Their Lordships of the Delhi High Court did not stop at the provisions of Section 214(2). They referred to the provisions of Section 244(1A) which was introduced by (he Taxation Laws (Amendment) Act, 1975.

Construing those provisions their Lordships held that even otherwise under Section 244(1A) the assessee would be entitled to interest in a case like the one we are dealing with here. This is what their Lordships stated: ... In either view of the matter, an assessee placed in the circumstances in which he is placed in the present case, would be entitled to claim interest on the excess advance tax paid by him from the date of payment up to the date of refund. In the present case, though the advance tax was originally paid during the financial year 1972-73, the initial assessment was made in 1976, and for the reasons which we have mentioned above, this should be treated as having been converted into a tax payment on the date of the initial regular assessment.
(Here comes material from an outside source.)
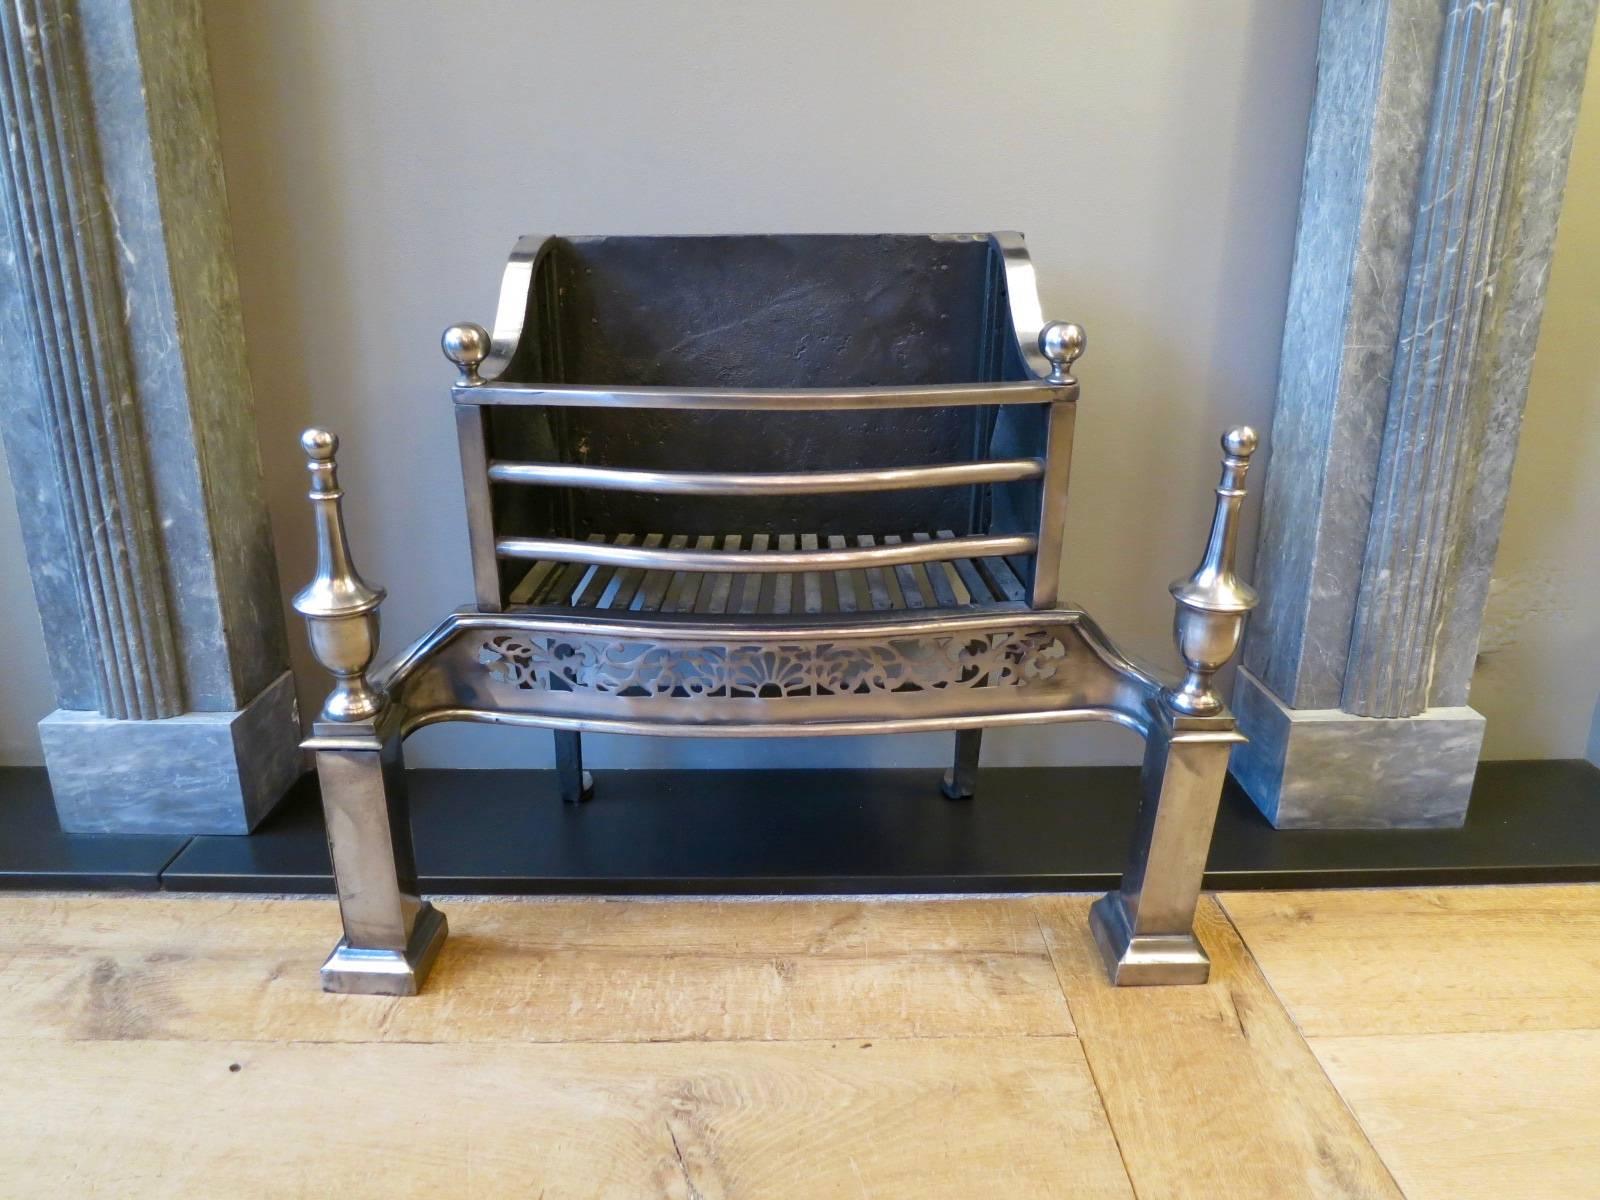 An English fire grate, in polished steel finish. The front columned supports surmounted by tall finials. The edged fret work of foliage and shell pattern, beneath gently curved bars with ball finials, late 19th century.

Reading, therefore, Sections 214 and 244(1A) together, the assessee would be entitled to interest on the refund due to him from the date of the initial payment right upto the date on which the refund is actually made. (p. 954) Interesting enough, we notice that their Lordships were also dealing with a case for the assessment year 1973-74 which is the assessment year under appeal before us as well. We may further add that their Lordships added a word of explanation at the end stating that their ultimate decision did not depend upon the meaning that the words 'regular assessment', which their Lordships have given in the course of judgment, but is based on the provisions of Sections 214(2) and 244(1A). It is thus clear that the view taken by the Delhi High Court is, in favour of the assessee, that the assessee would be entitled to the interest under Section 214.

5. For the above reasons, we uphold the order of the Commissioner (Appeals) and dismiss the appeal filed by the revenue.